Lack of Training: Leader overload
“No one said great leadership is easy,” notes Clarissa Barnes, MD in a recent article for the American Association for Physician Leaders. “In fact, in the changing health care landscape of shrinking margins and increasing concerns for quality and patient satisfaction, health care leadership is increasingly difficult.”
And that is where we pick up again today. I will admit to you freely that writing continually about the problems in our industry can be draining. Yet, I know that if we wish to be true leaders in our profession, we must not shy away from the issues we face.
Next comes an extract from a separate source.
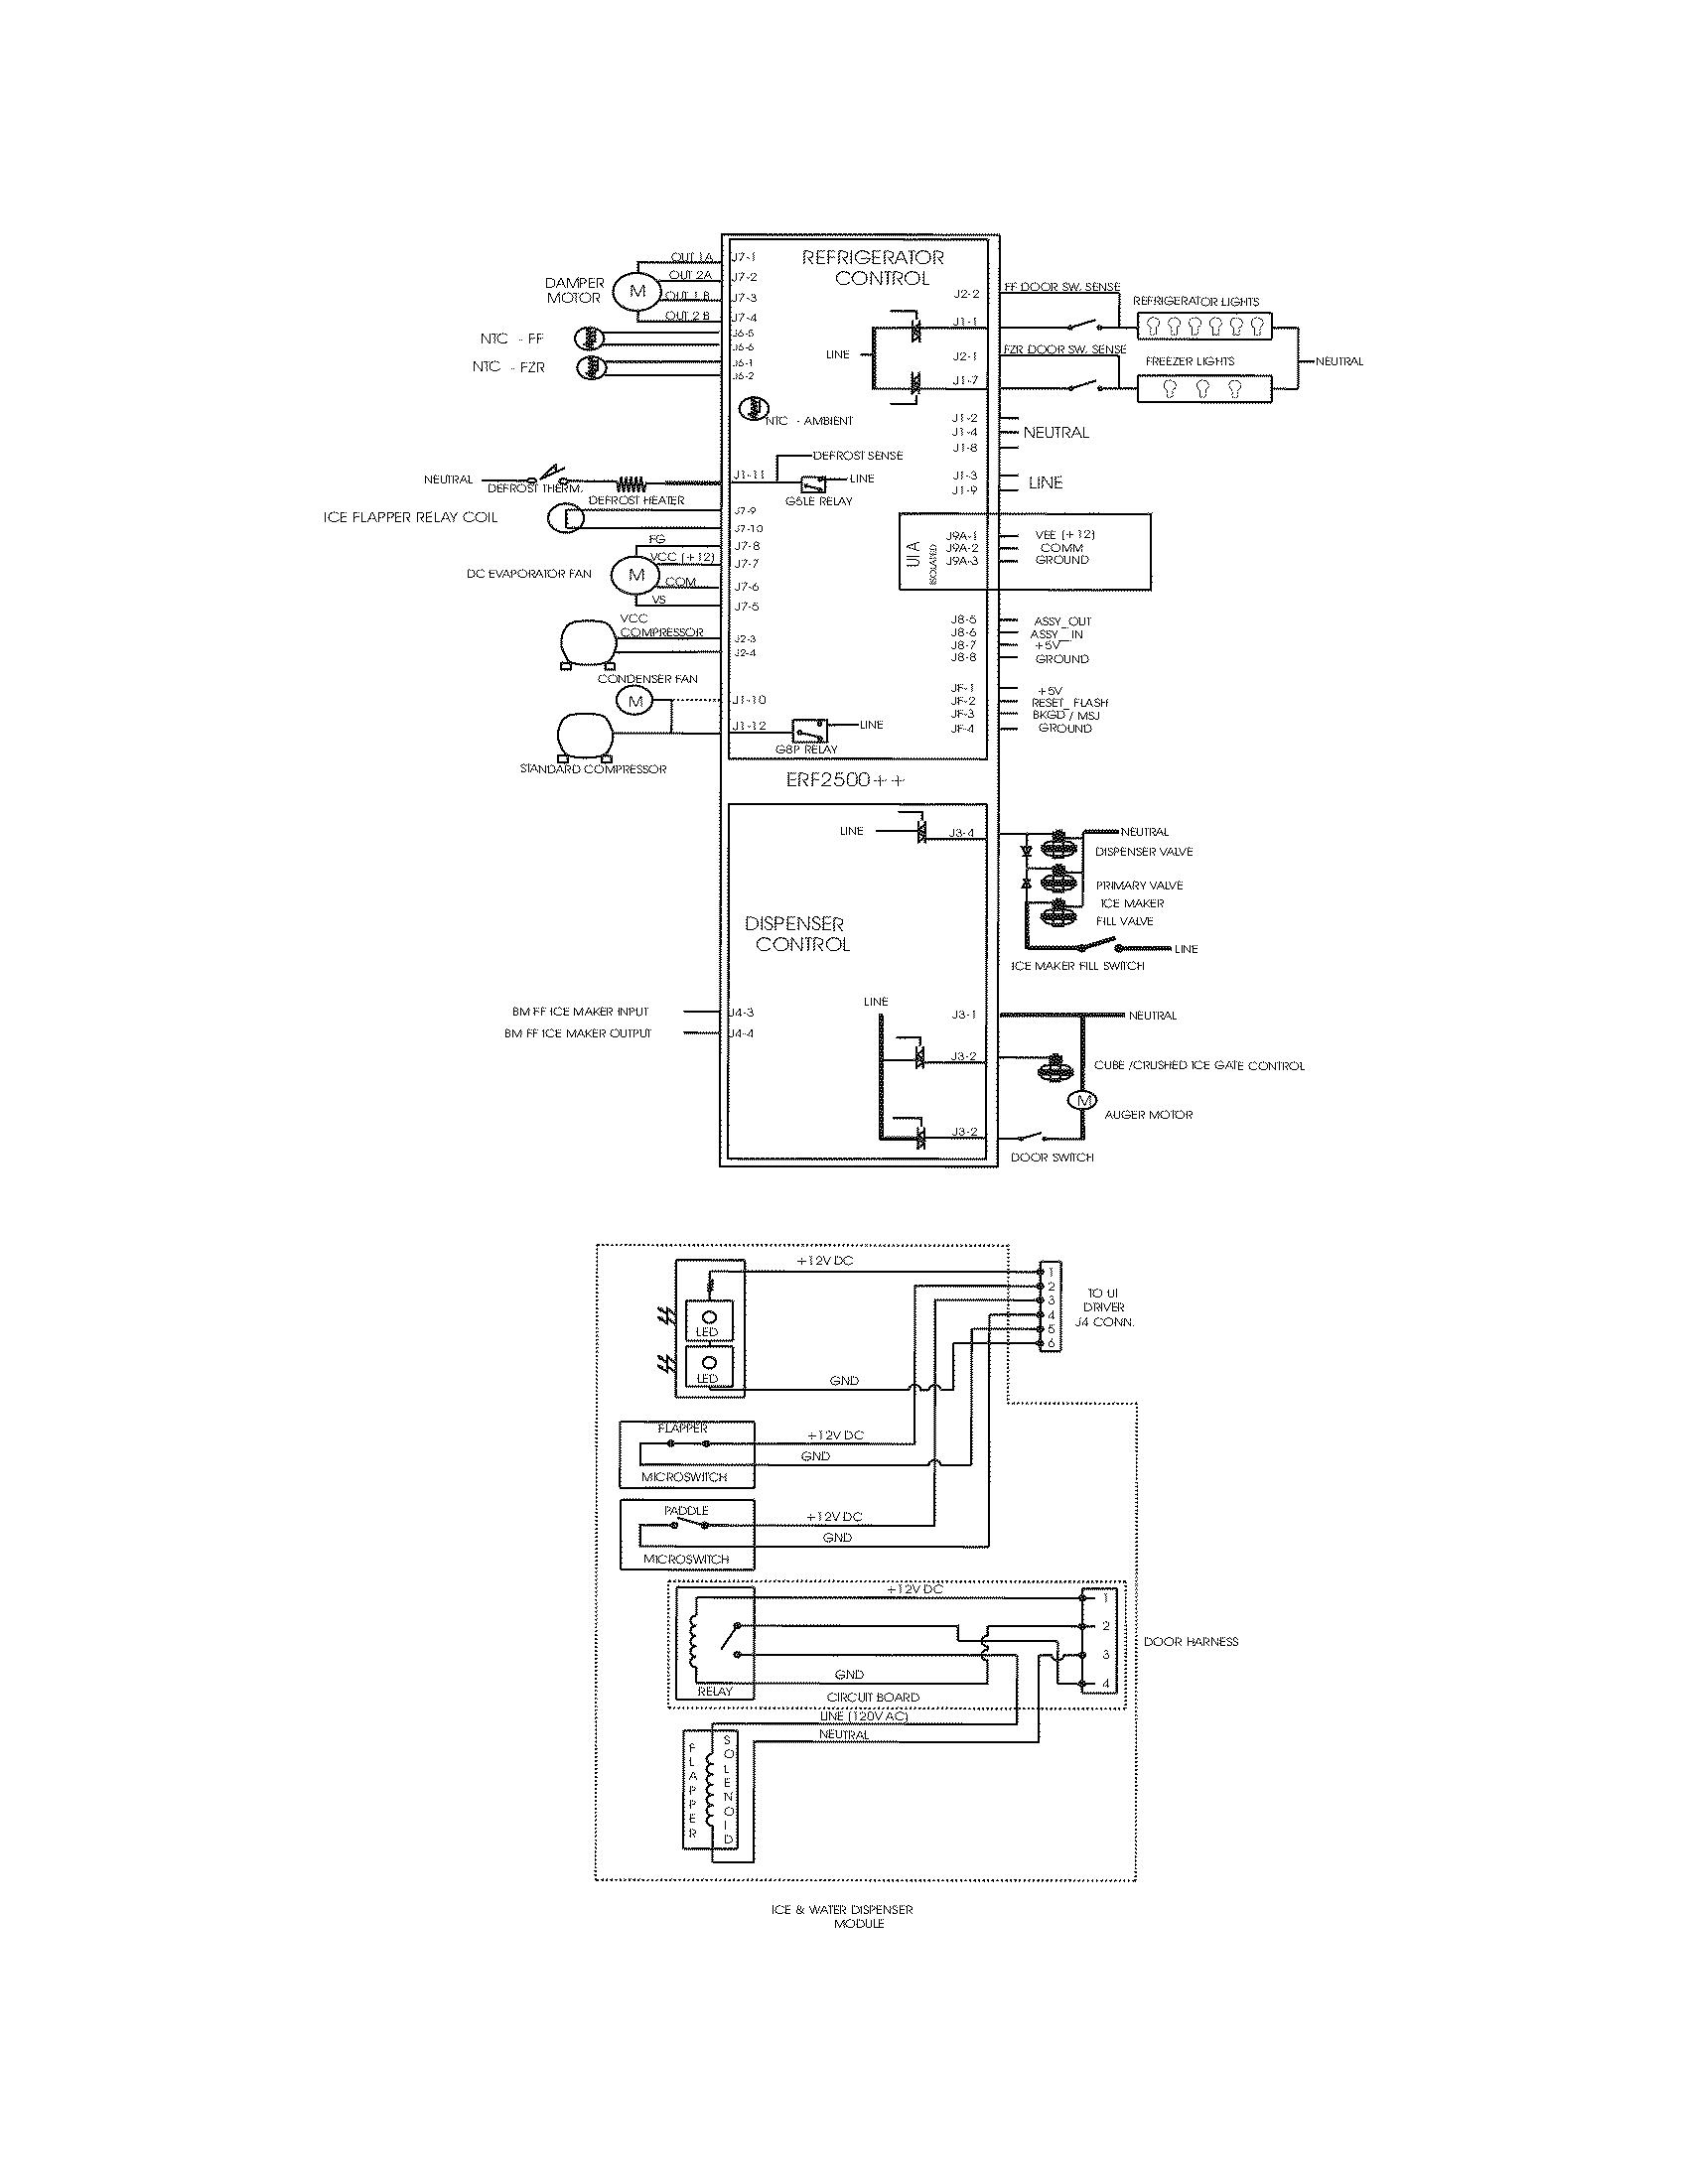 Frigidaire model LGHS2665KF0 side-by-side refrigerator
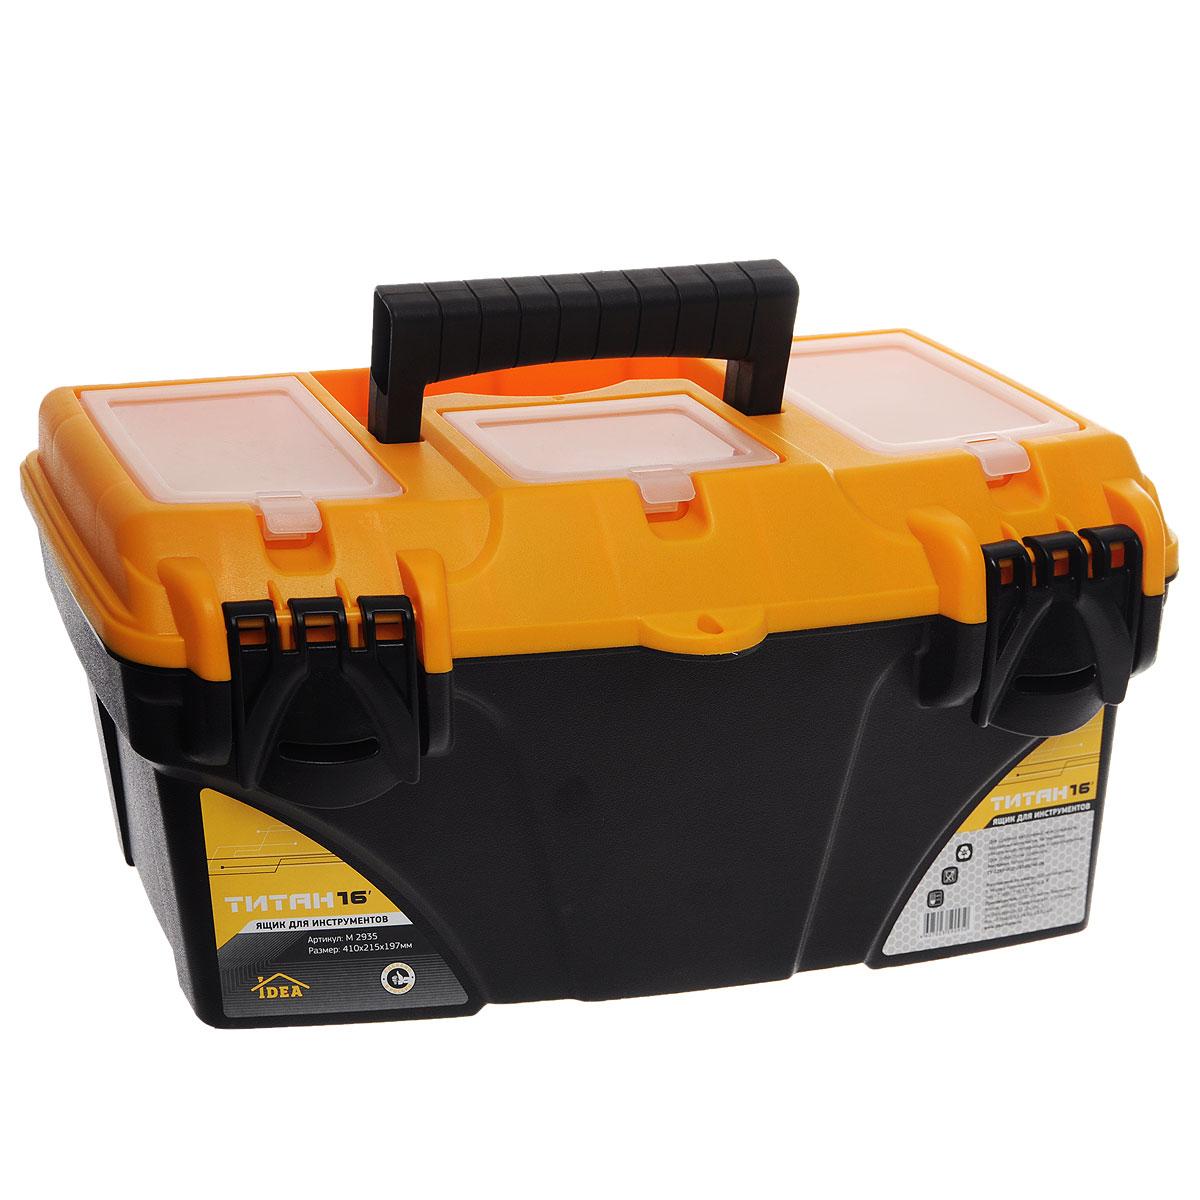 "Idea (М-пластика) Ящик для инструментов Idea ""Титан 16"", с органайзером, 41 х 21,5 х 19,7 см"

There is a large amount of scholarship on physician overload and burnout. Physician burnout is not a problem to ignore, certainly, but it is not the subject we’ll discuss today. We’re headed further up the chain.
Leader Overload
Leaders are often saddled with the ultimate responsibility for physician burnout, which is a fair point. However, an untrained leader who is unable to successfully inhabit their own role is not equipped to help others avoid career pitfalls that they themselves have not avoided. Succeeding as a physician and succeeding as a physician leader require different sets of skills. If you’re a leader struggling with overload at work, you’re not alone. And you can’t help others until you help yourself. It’s a common metaphor I use — In the event of a plane crash, you must put on your own oxygen mask first BEFORE you can help others. The best way to be an effective leader — invest in your own leadership.
Eventual Burnout
Because if you don’t, we know where the road of overload leads — straight to burnout-town. An overwhelmingly frustrating aspect of this issue, is that often leaders are aware of these problems (how could you not be?) but have difficulty strategizing, implementing, and tackling these problems to any positive end. Even excellent ones (like yourself) feel they’re constantly banging their heads against a wall.
You’re voraciously consuming the latest blogs, podcasts, articles, and books to try to find workable tactics to implement in their workplaces. It’s difficult to wade through the excess of seemingly viable information and create a systematic framework that will guide their organization long-term. And in the absence of a system or a plan to implement such systematic conversations, often even the most well-meaning leaders give up or succumb to eventual burnout.